Serafini & Vidotto "Il Rosso Dell’Abazia," 1999

Today’s post is about the 1999 Serafini & Vidotto “Il Rosso Dell’Abazia,” but begins with a long digression.

Only one wine has ever brought me to tears. It is unfortunately not eligible for this forum due to its extraordinary price ($350-400 retail), but I name it now to establish my benchmark for truly great wine: the 2004 “Astralis,” the flagship Syrah from the Clarenden Hills collection. At first whiff it was the wine that will always haunt me, setting the bar for every wine I’ve tasted since. Huge, dark, brooding, pungent, rich – but it was an infant! Even then, I knew that the 2004 Astralis was a wine that would not be ready to drink until 15-20 years later; it is still barely approachable now. L’Enfant terrible. Shockingly good.

Which brings me to the focus of today’s post: the 1999 Serafini & Vidotto “Il Rosso Dell’Abazia.” It has nothing in common with “Astralis,” not on the surface. “Astralis” is fermented from Syrah; this wine is made using Cabernet Sauvignon, Merlot, and Cabernet Franc, a Bordeaux blend. Clarendon Hills is located 25 miles south of Adelaide, and northeast from the McLaren Vale in southern Australia; Serafini & Vidotto have their vineyards in Montello, a hilly area on the right bank of the Piave river in Treviso, a sub-region within Veneto (see photo).

“Astralis” is an ultra-boutique wine, a world-class luxury item made in a truly New World style. “Il Rosso Dell’Abazia,” on the other hand, is an exemplar of Cabernet Sauvignon in its Italian expression, but following the vinification philosophy and techniques of the great French makers. What do these wines share, what intangible quality? Easy: greatness. Why wax eloquent? It is greatness.

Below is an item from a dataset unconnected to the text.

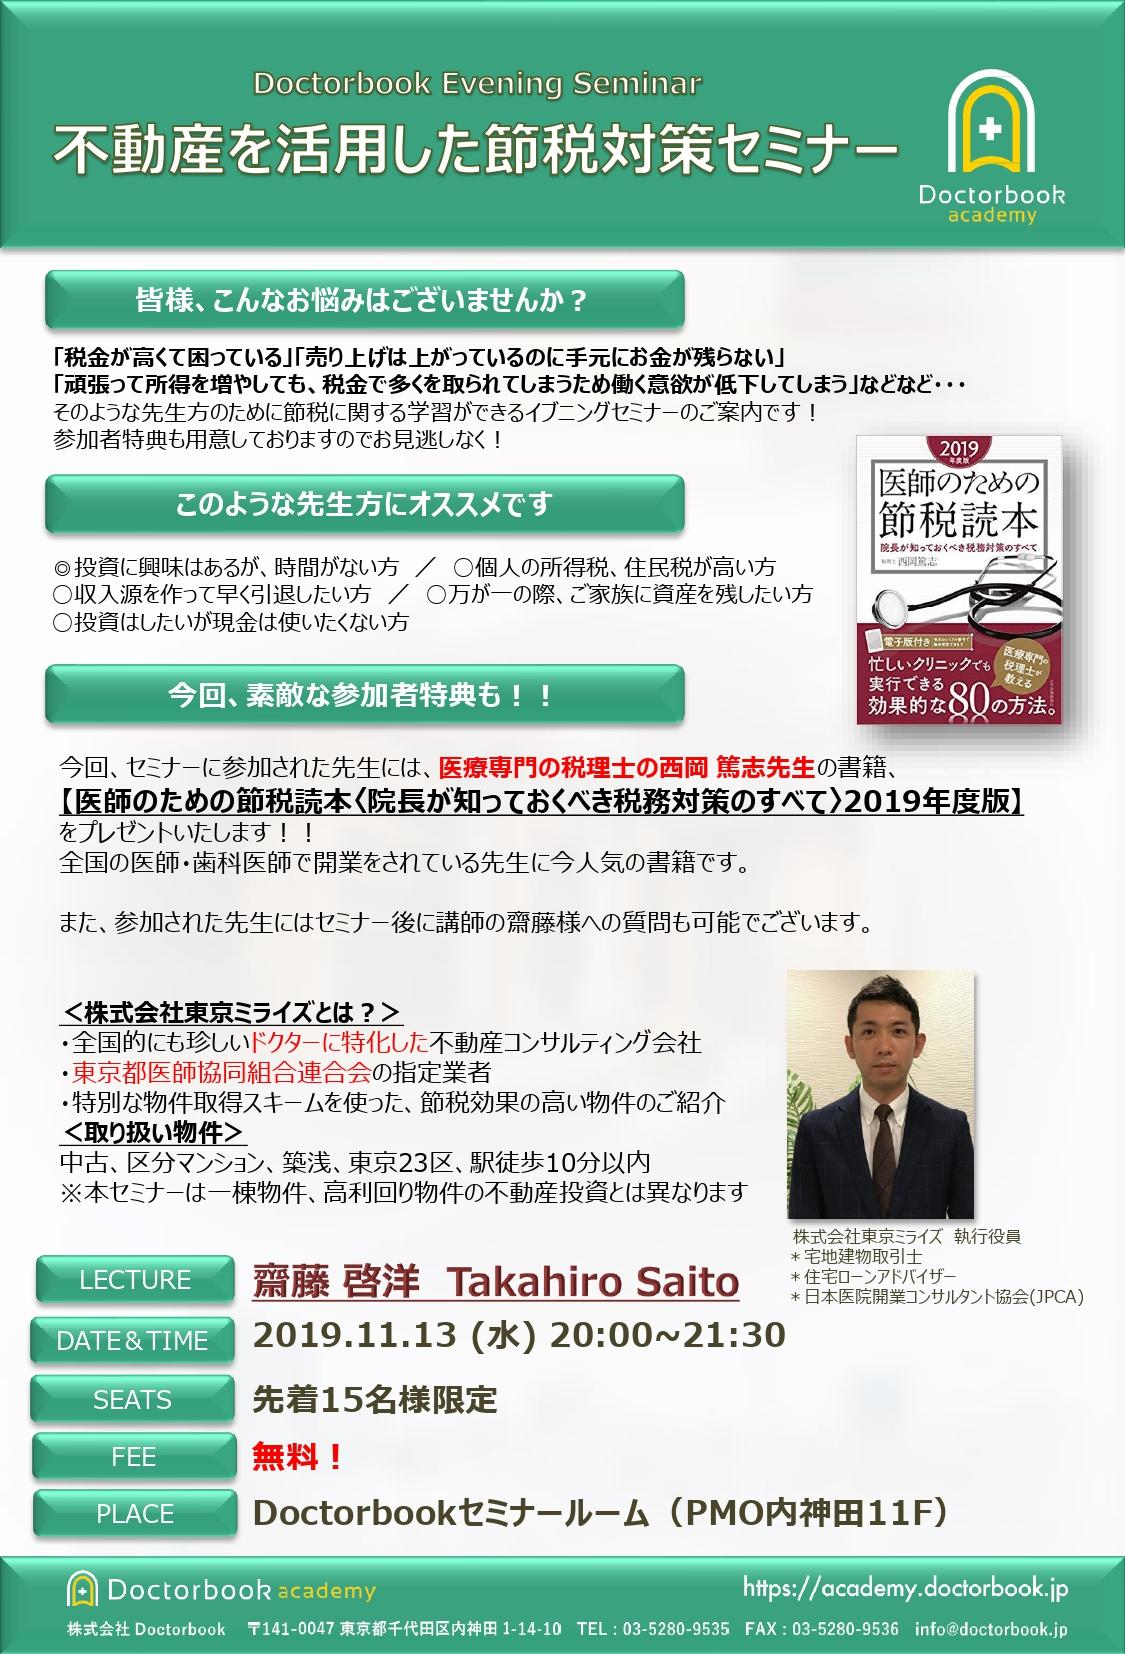 不動産を活用した節税対策セミナー【参加者全員へ節税読本・クオカード贈呈】
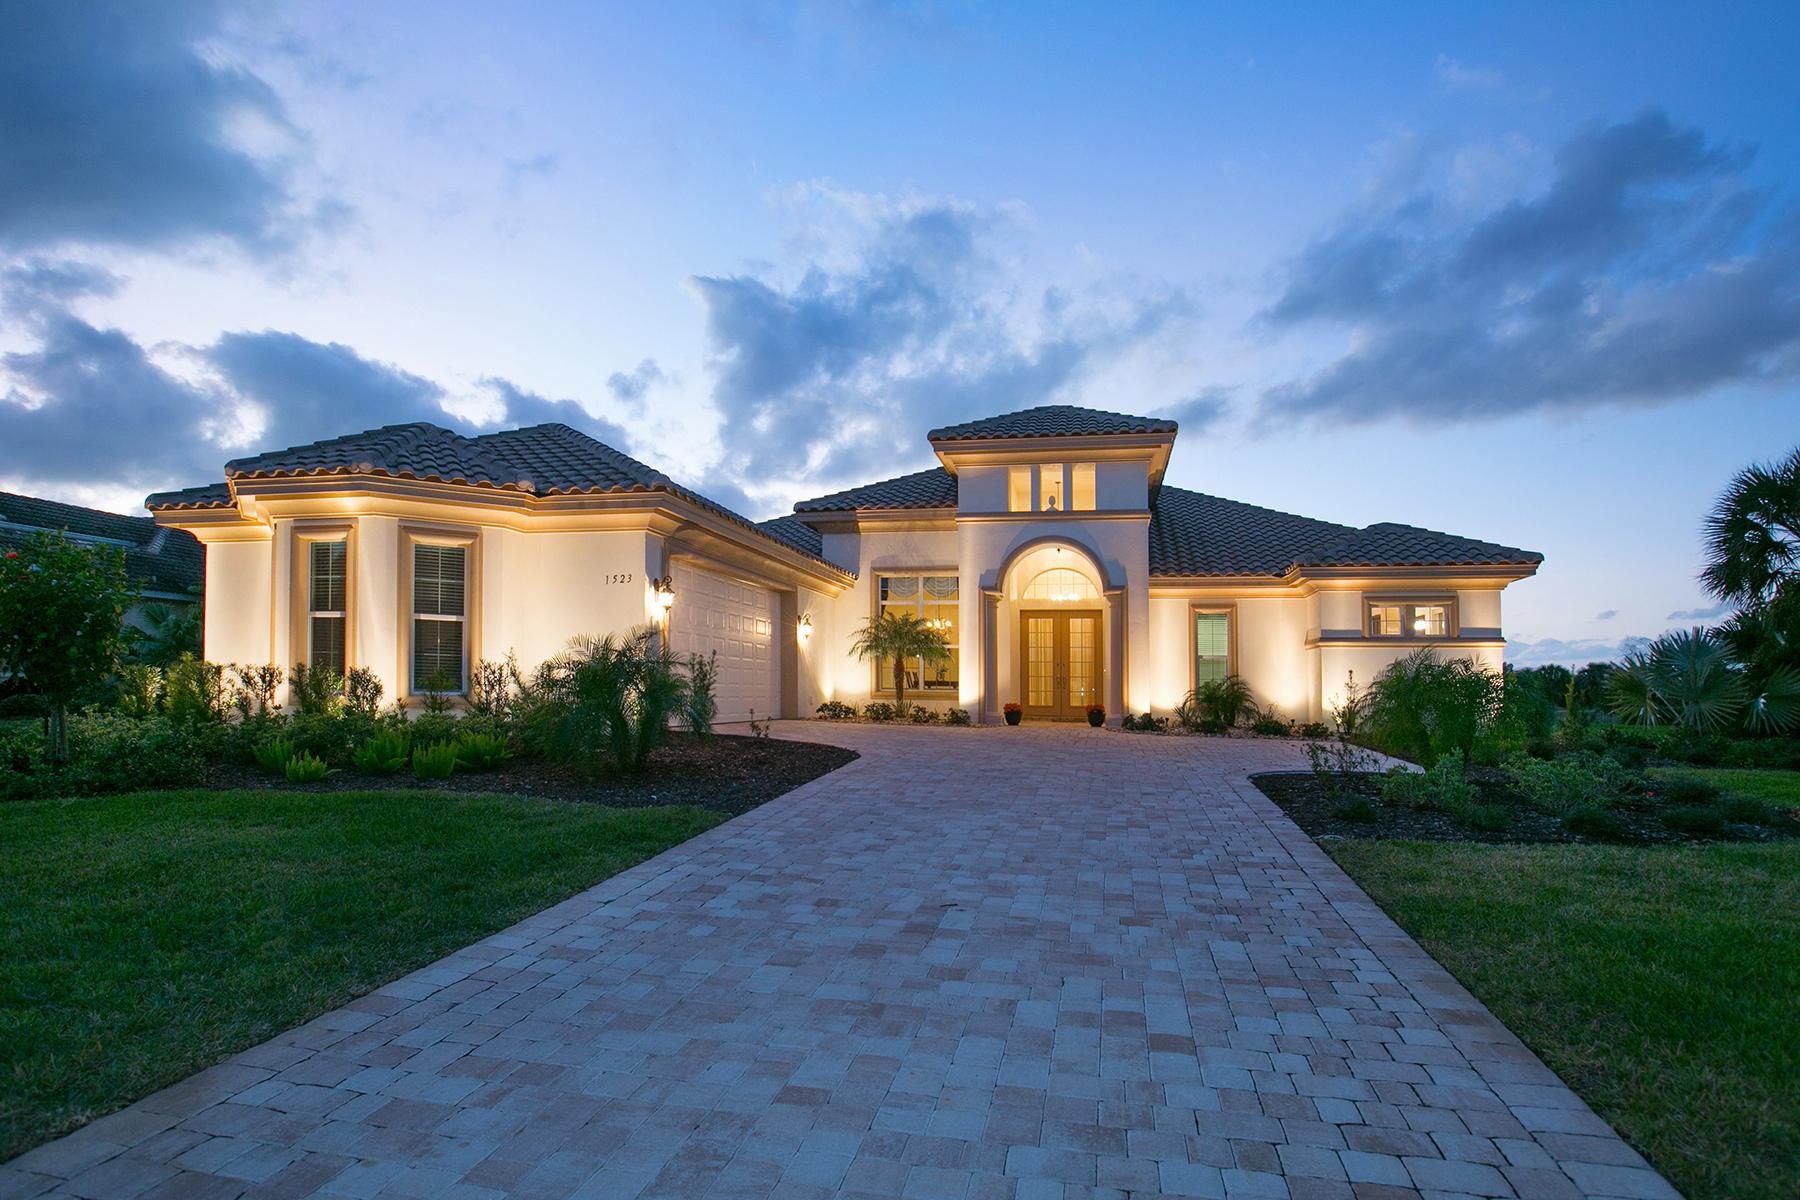 단독 가정 주택 용 매매 에 BOCA ROYALE 1523 Raphis Royale Blvd Englewood, 플로리다 34223 미국

I opened the “Il Rosso Dell’Abazia” to celebrate moving to Brooklyn. It was to be paired with prime rib, roasted potatoes, and sauteed mushrooms, the first meal made in our new kitchen. If wine and food pairing could be considered a tango, this wine was definitely the leader. Textbook blood orange fading to pale rose-brown at the rim in the glass. On the nose, the first pour offered devious aromas, almost all secondary: rose petals, waterlilies, tar, olives, hung meats, and hints of dark fruit. In the mouth, “Il Rosso Dell’Abazia” felt like velvet. Over a decade of bottle-aging softened the tannins beautifully, giving it one of the finest textures of any wine I have tasted since “Astralis.” More dark fruit in the mouth, along with tobacco and a definite touch of balsamic spice. Long finish, echoing the completely even and balanced experience this wine provides. It touches greatness.

Normally a bottle retails for $80, but I found some for $16 at wholesale. Buying another half-case today. I do not think it will last another year, having just peaked, so find this wine immediately. Pairs with roast game of any kind, simpler fare; let the wine lead you.